Dear Cutting Edge 2: Going for the Gold, you make the original 1992 movie about moody ice princess Kate (Moira Kelly), who falls for macho hockey player Doug (D.B. Sweeney) look like an intricately plotted masterpiece. See, I have to pretend to hate you for a while before I ultimately declare my love (preferably as we perform a climactic Olympic figure-skating routine). That is, after all, what happened in the original slumber-party classic...and in ABC Family's sequel (premiering March 12, 7 p.m.), which follows the romance of Kate and Doug's daughter, Jackie (Christy Carlson Romano), and her skating partner, Alex (Ross Thomas). Here's everything that's so wrong and yet so right about Going for the Gold.
NO CAMEOS!
Kelly and Sweeney are AWOL; we're forced to accept Stepfanie Kramer and Scott Thompson Baker as now-coach Kate and now-skating commentator Doug.
NO SENSE OF HISTORY
Doug and Kate took the gold in '92; Gold culminates this year in Torino.
Even if Jackie was conceived the night Doug and Kate won, she'd only be
14. (Romano is 21.) Meanwhile, extreme in-line skater Alex drinks, so
he's, presumably, 21 (this is ABC Family, after all).
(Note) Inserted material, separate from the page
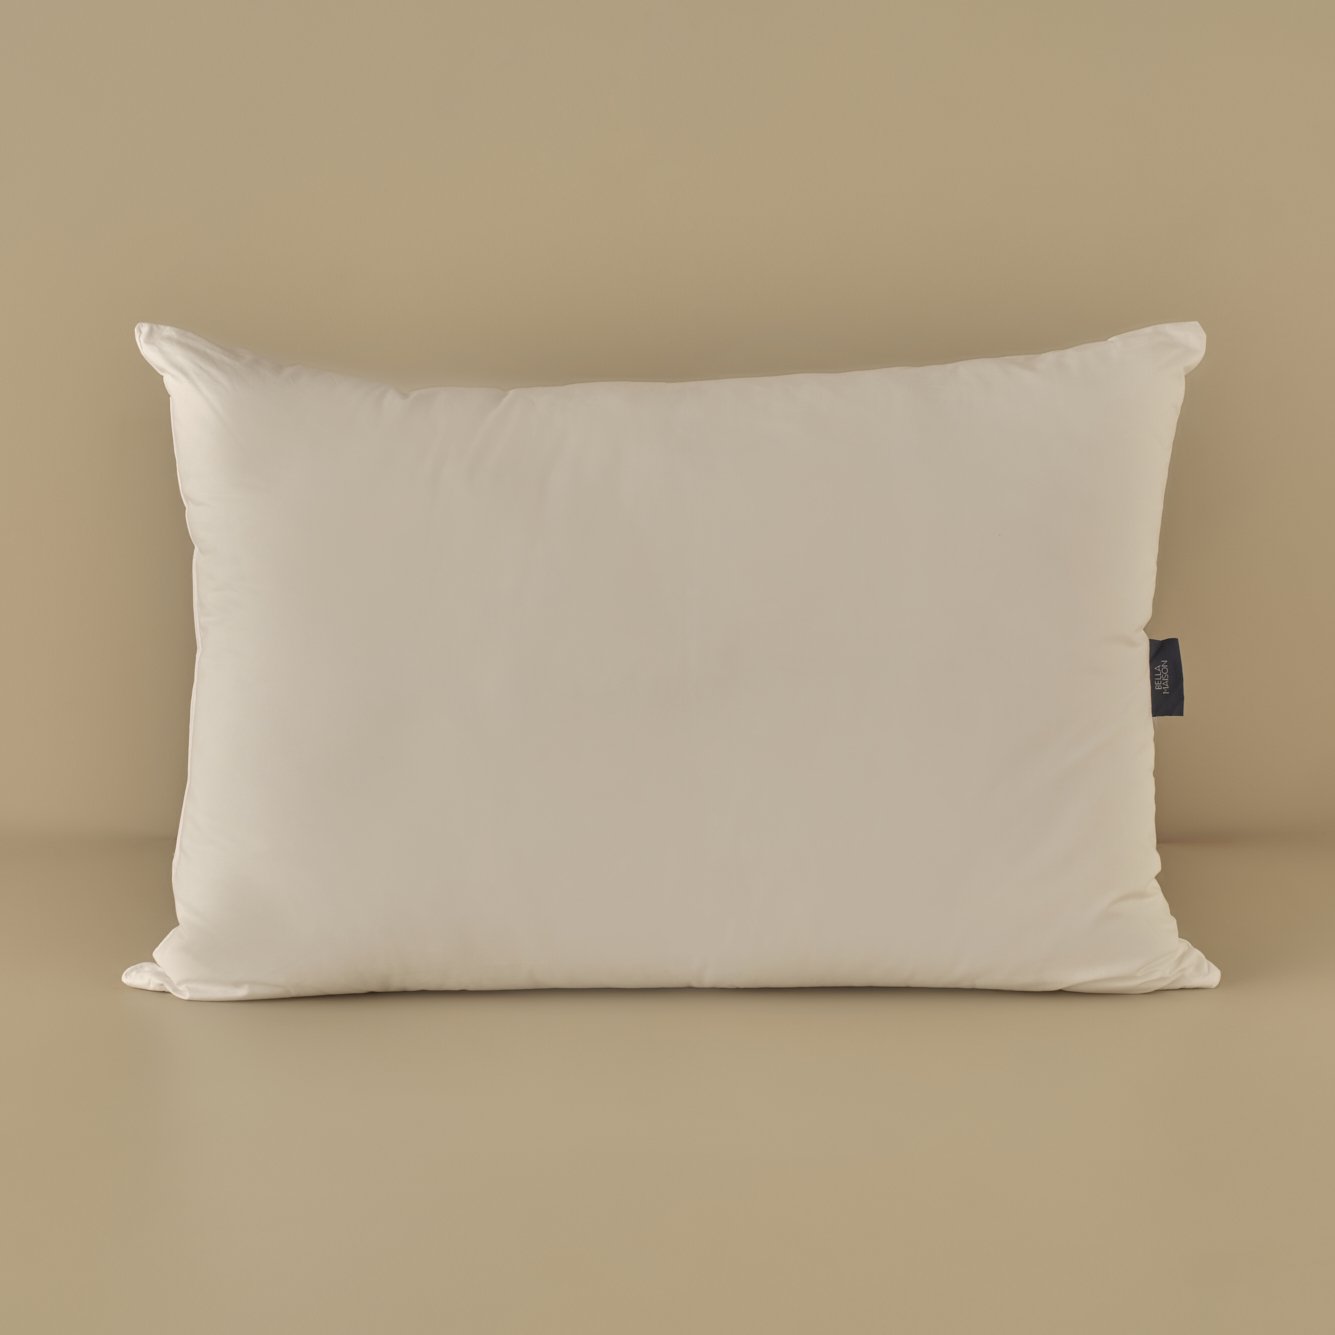 Mikrojel Yastık Beyaz (50x70 cm)

As for Jackie and Alex's meet-cute, Mom and Dad never say, ''Weird, this totally happened
to us, too!''
NO CATCHPHRASE
''Toe pick!'' Can't beat that.
In summary, Gold, your triple jumps have nothing on that physics-defying Pamchenko that sealed the deal for Doug and Kate. But we can't deny the irresistible pull of a story about a mismatched pair thawing each other's hearts while the camera cuts to wide shots because they're clearly not doing their own skating. In guilty- pleasure merit, a solid 5.0.